→ AIM OF THE EXERCISE:
Look through the entries below and extract exactly the lines from the one containing "Messerschmitt, Messerschmitt Bf" through the one containing "Bentley Properties", ends included.

Start of LISTED ENTRIES

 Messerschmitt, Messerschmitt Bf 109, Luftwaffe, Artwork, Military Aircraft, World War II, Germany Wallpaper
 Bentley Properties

End of LISTED ENTRIES
Start of LISTED ENTRIES

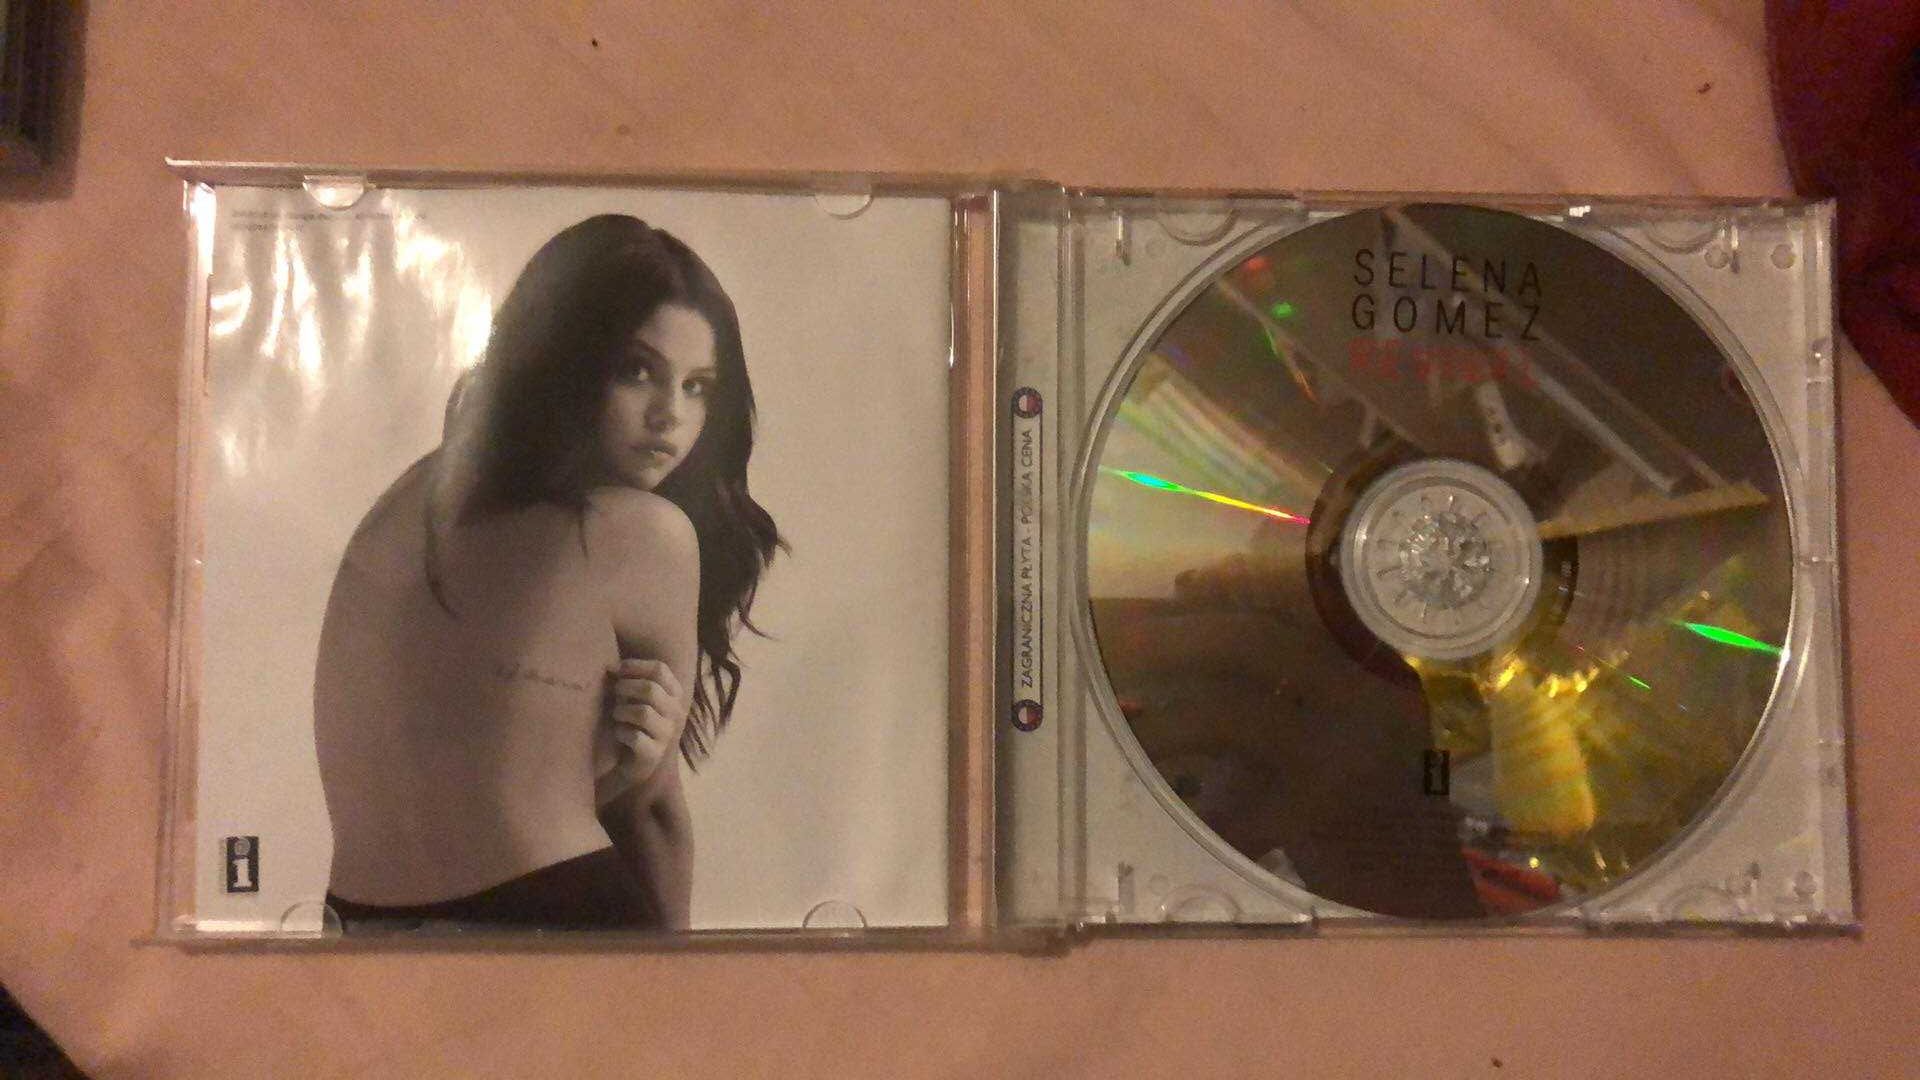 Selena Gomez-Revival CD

End of LISTED ENTRIES

→ EXERCISE SOLUTION:
 Messerschmitt, Messerschmitt Bf 109, Luftwaffe, Artwork, Military Aircraft, World War II, Germany Wallpaper
 Bentley Properties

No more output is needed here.